One obvious answer is “dangerous men”. Hayes didn’t mention them: her presentation was about a high-gloss version of social change in which it’s more important for problems to be solvable, not structural. In this world there were only winners, from InBev to women, to men like me who’d frankly prefer not to drink in gross bars either. But as businesses involved in media, in videogames, and even in politics have learned, there are a lot of men who don’t want social change and will kick back hard against it. Are AB InBev ready to face them down?
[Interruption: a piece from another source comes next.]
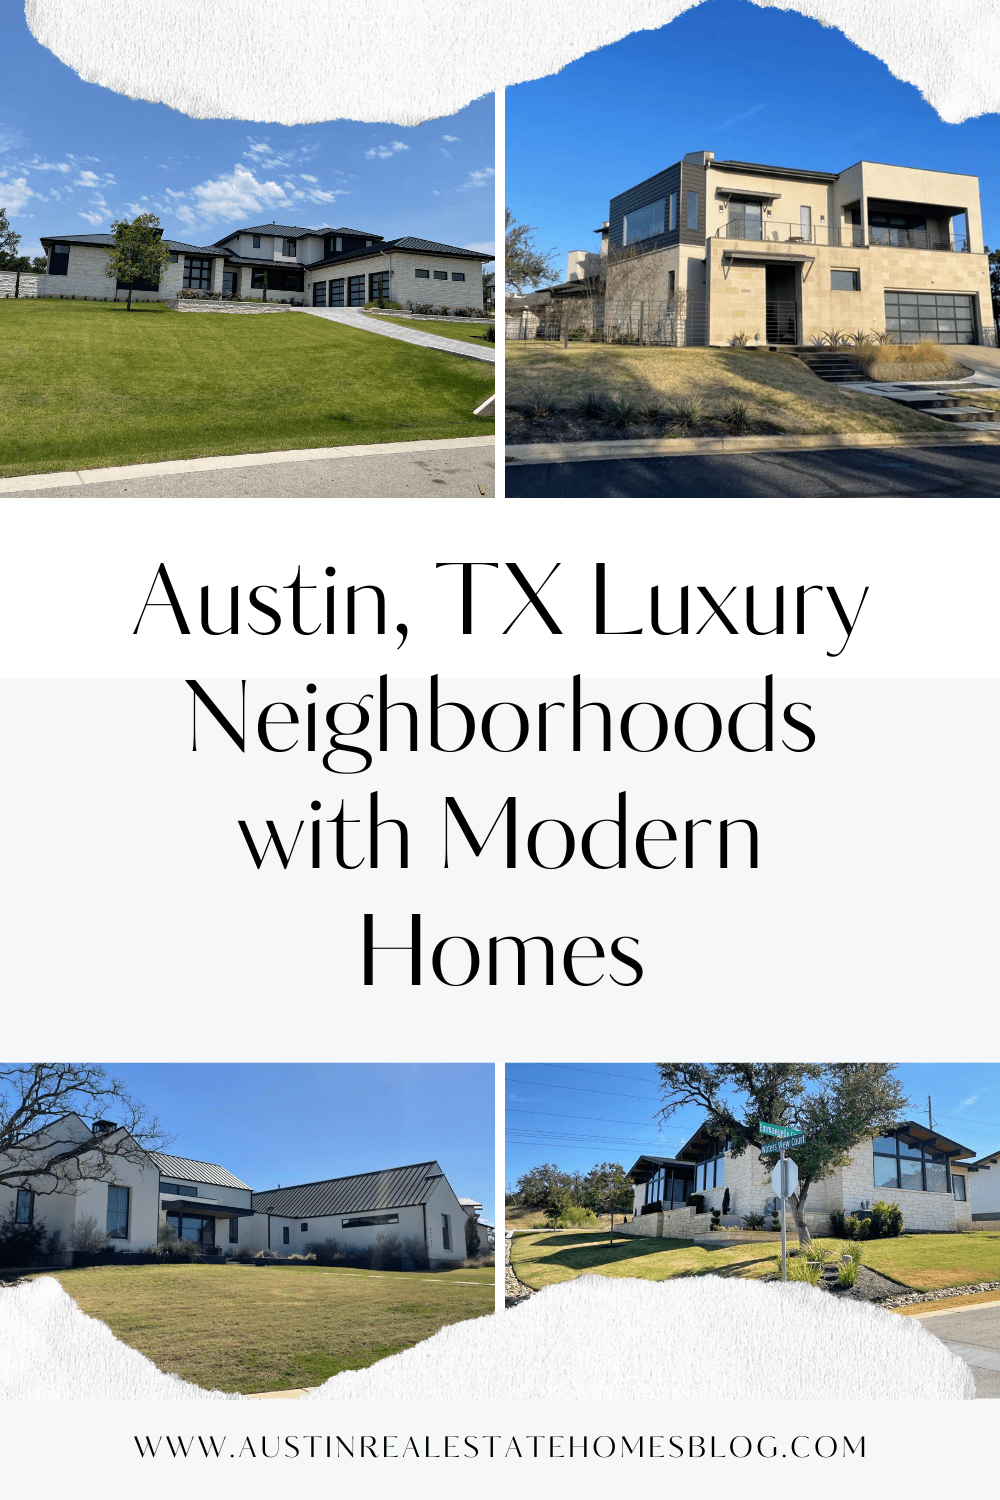 Austin, TX luxury neighborhoods with modern homes

The other obvious and unmentioned answer to ‘who made beer culture unfriendly to women’ is “marketers”. AB InBev is America’s biggest brewer, who has made America’s biggest beer brand for decades. It feels slightly disingenuous for them to present on the iniquities of beer culture without holding up their hands and taking responsibility for some of it. It’s an important point to make because it raises tough questions about a mega-brewer’s commitment to shifting that culture towards something healthier. Toxic masculinity made some companies a hell of a lot of money: acknowledging that would be a start.

This may feel like a lot to load onto the shoulders of one woman presenting at a research conference. It’s a testament to the strength of Hayes’ presentation that its seriousness and depth invited these questions. It was one of the highlights of TMRE this year.

The effort of reforming beer culture is – as Hayes admits – a long-term effort requiring the highest-level buy-in. The good news is that 25 projects are already in motion, around the world, from working with domestic violence charities to shifting the role of women in beer ads. Hayes left the audience with some solid and practical warnings for undergoing a project of this scope. Establish the myths and challenge them. You must start broad before you can narrow in. Don’t jump to conclusions. And above all, be patient.